Musim panas yang identik dengan musim paceklik sedang melanda kota Madinah. Angin musim itu juga membawa hawa panas, menyengat kulit. Debu-debu beterbangan mengotori atap-atap rumah.
Bagi penduduk Madinah, pada musim panas biasanya mereka lebih memilih
untuk istirahat di rumah atau tinggal di kebun mereka sambil memetik kurma yang
memang lagi ranum-ranumnya. Karena pohon kurma berbuah di musim panas.
Tahun itu bertepatan dengan tahun kesembilan Hijrah, satu bulan menjelang Ramadhan.

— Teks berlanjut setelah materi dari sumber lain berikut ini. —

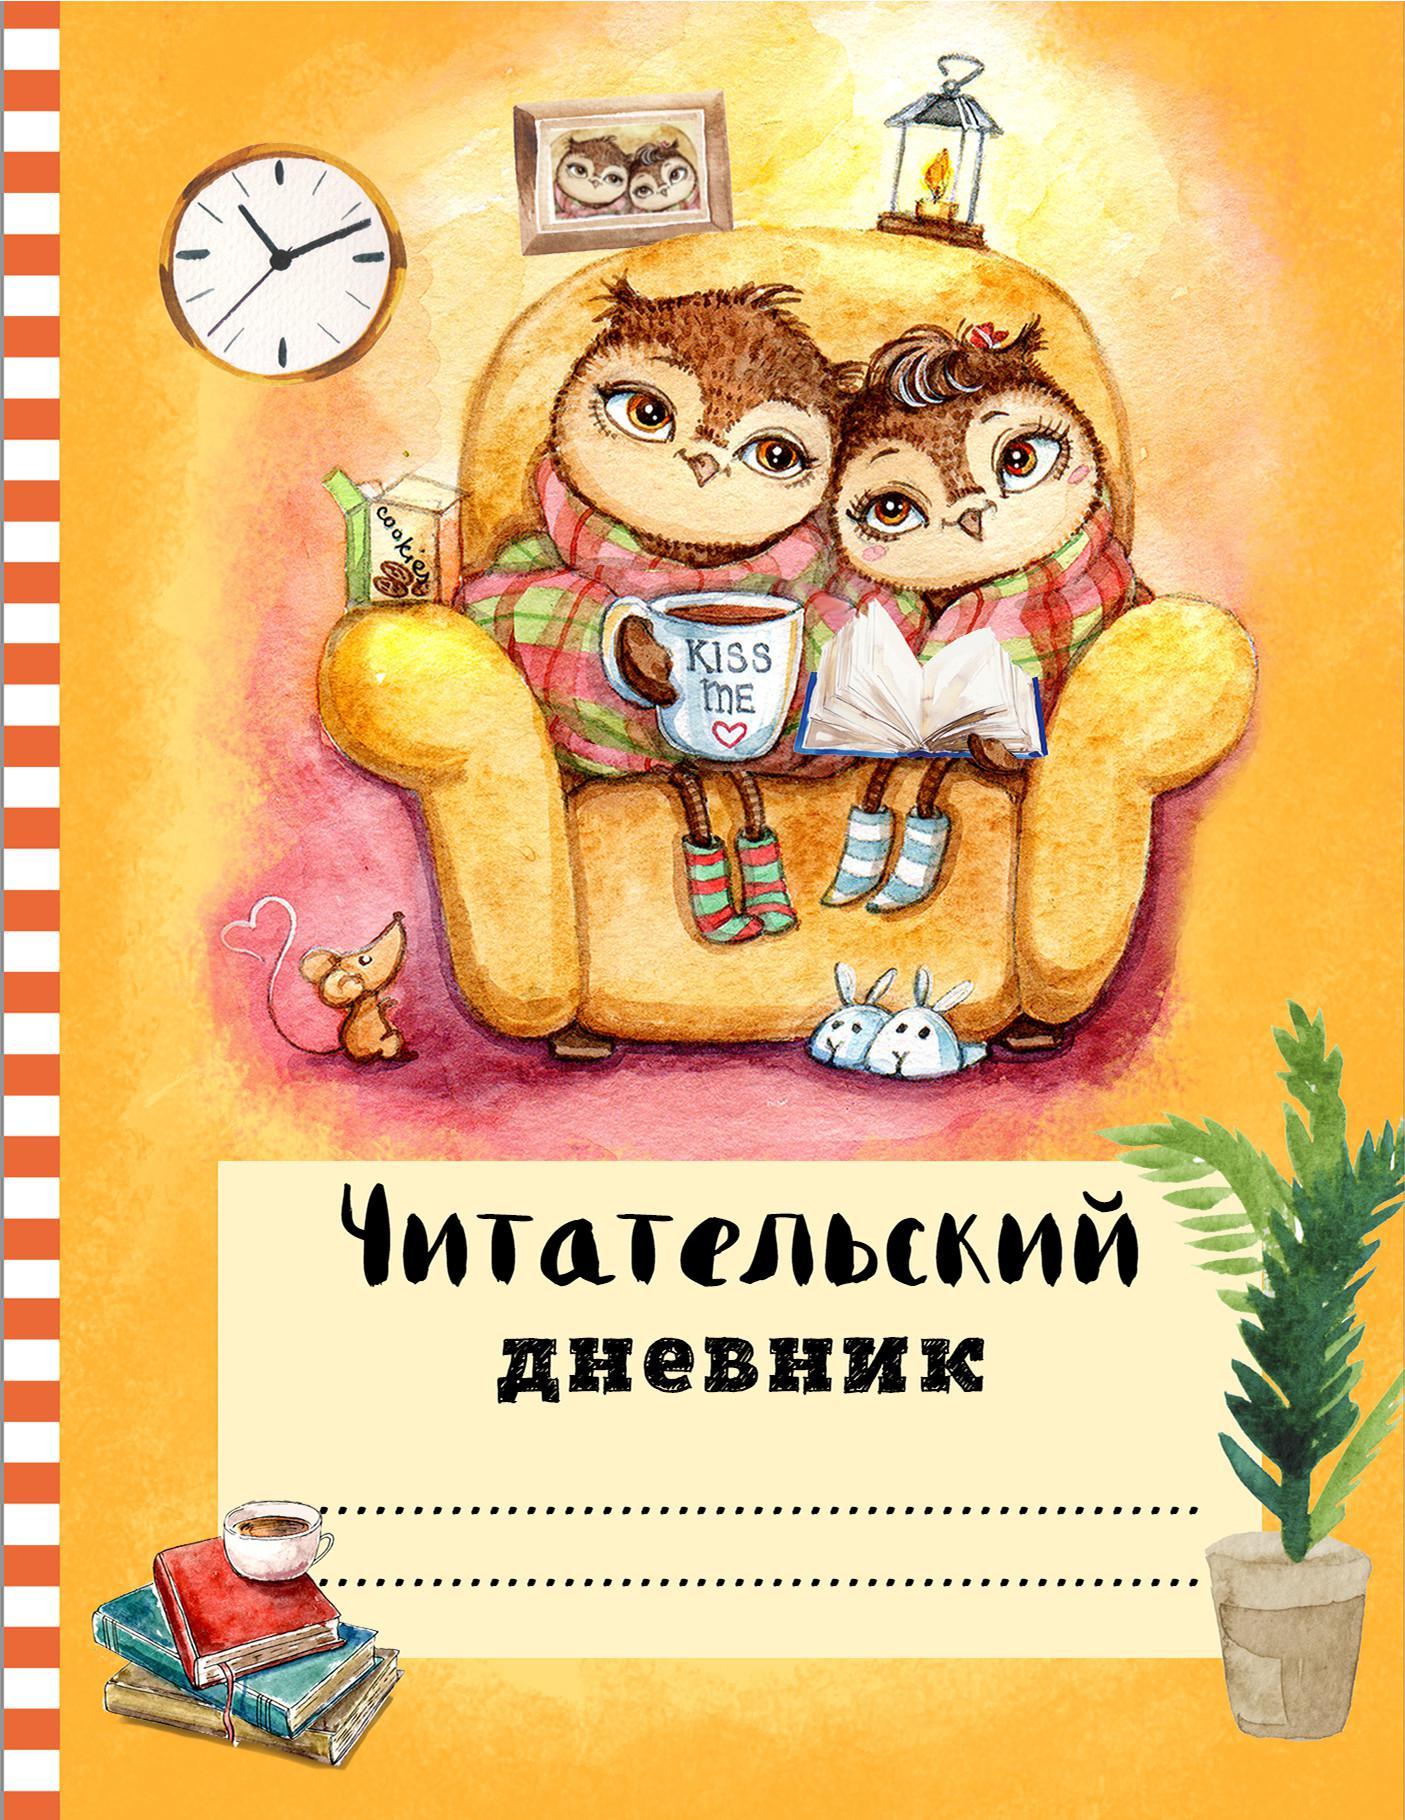 Читательский дневник с анкетой. Совы. Вечернее чтение, 162х210мм, мягкая обложка, цветной блок, 64 стр.

Perkembangan politik Islam di Madinah sangat luar biasa karena dampak dari
pengiriman surat-surat Rasulullah shallallahu ‘alaihi wasallam kepada kerajaan di jazirah Arab
yang
menambah panas keadaan. Di saat
kondisi demikian, Rasulullah shallallahu ‘alaihi wasallam mengabarkan kepada para sahabat tentang
tujuan dan rencana untuk melaksanakan peperangan di daerah Tabuk, sebuah daerah
yang sangat jauh bagi bangsa Arab pada saat itu.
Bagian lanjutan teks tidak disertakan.